### WHAT THIS TASK INVOLVES
In the records that follow, the lines from the one containing "blueAngel-WeddingCatering-logo1 High Resolution" to the one containing "Roblox Happy Birthday Poster", inclusive, are to be given again exactly.

DATA RECORDS below:

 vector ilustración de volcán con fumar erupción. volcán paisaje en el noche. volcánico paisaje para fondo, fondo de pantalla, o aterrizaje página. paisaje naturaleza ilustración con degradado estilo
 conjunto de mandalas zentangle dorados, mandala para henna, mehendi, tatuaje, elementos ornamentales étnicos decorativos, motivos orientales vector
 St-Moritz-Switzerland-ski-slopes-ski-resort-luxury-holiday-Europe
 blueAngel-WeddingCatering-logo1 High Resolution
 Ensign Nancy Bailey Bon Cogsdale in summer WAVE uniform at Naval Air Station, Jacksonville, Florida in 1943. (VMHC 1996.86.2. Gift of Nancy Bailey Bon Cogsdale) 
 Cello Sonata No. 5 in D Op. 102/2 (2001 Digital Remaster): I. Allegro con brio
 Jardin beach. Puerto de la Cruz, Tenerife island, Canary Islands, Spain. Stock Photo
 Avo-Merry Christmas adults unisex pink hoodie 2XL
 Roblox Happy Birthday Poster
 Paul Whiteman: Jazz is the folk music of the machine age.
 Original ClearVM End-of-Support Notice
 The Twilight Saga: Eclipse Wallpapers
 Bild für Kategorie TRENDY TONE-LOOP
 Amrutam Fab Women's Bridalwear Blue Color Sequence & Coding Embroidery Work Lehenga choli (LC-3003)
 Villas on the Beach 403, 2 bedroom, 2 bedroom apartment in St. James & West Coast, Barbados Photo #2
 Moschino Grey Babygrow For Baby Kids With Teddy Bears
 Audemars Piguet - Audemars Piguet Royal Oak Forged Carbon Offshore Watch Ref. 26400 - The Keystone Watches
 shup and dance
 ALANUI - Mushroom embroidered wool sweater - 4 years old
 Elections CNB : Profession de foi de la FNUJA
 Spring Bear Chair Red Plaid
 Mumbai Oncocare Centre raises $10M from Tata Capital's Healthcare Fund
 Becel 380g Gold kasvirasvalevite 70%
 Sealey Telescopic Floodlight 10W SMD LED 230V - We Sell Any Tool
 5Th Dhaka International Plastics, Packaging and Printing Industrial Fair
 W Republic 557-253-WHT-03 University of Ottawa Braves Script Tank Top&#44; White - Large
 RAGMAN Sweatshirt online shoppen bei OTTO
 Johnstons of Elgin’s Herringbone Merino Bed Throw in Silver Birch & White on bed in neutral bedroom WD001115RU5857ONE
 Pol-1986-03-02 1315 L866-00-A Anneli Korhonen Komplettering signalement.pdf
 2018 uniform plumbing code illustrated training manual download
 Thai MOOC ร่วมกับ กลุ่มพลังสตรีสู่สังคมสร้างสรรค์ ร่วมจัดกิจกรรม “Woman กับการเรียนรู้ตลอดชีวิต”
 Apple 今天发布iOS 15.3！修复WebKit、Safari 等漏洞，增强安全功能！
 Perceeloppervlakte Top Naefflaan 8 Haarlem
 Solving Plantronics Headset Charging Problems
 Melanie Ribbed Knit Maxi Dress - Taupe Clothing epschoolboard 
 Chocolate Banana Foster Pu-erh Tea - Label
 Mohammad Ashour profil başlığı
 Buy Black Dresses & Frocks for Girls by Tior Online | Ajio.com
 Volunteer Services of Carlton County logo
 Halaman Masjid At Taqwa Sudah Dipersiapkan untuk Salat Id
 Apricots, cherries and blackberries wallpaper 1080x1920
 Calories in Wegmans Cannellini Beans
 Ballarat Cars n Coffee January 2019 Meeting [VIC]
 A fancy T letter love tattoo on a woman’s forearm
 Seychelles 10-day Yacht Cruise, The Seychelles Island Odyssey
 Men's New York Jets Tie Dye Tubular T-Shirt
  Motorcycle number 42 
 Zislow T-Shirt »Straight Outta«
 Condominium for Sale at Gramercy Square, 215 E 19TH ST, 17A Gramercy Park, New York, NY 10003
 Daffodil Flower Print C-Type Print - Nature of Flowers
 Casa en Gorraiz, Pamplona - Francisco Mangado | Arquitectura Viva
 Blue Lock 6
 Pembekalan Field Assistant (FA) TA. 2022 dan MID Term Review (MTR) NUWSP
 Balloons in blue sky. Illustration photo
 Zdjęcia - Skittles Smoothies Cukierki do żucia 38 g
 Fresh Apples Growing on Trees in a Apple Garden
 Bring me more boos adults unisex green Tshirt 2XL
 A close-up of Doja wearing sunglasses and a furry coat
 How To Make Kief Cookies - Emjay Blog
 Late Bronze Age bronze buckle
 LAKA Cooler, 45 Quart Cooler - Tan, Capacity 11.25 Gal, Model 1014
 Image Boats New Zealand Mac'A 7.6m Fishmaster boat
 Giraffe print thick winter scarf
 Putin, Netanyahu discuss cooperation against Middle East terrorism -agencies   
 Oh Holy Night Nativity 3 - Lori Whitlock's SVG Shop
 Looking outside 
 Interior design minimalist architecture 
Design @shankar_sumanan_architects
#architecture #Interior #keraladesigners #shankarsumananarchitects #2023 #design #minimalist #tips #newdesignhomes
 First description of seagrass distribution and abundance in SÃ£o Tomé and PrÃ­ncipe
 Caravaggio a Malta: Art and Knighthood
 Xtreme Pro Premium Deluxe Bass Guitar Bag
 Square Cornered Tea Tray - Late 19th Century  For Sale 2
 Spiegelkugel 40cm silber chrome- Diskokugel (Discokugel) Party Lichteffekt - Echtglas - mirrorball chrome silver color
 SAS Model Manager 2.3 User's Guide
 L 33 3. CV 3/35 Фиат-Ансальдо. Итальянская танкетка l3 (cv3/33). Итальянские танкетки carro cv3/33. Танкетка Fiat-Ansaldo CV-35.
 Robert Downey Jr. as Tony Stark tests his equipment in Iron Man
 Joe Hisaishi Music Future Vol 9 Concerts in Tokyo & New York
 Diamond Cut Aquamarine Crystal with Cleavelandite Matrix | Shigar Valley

End of DATA RECORDS.

### TASK ANSWER
 blueAngel-WeddingCatering-logo1 High Resolution
 Ensign Nancy Bailey Bon Cogsdale in summer WAVE uniform at Naval Air Station, Jacksonville, Florida in 1943. (VMHC 1996.86.2. Gift of Nancy Bailey Bon Cogsdale) 
 Cello Sonata No. 5 in D Op. 102/2 (2001 Digital Remaster): I. Allegro con brio
 Jardin beach. Puerto de la Cruz, Tenerife island, Canary Islands, Spain. Stock Photo
 Avo-Merry Christmas adults unisex pink hoodie 2XL
 Roblox Happy Birthday Poster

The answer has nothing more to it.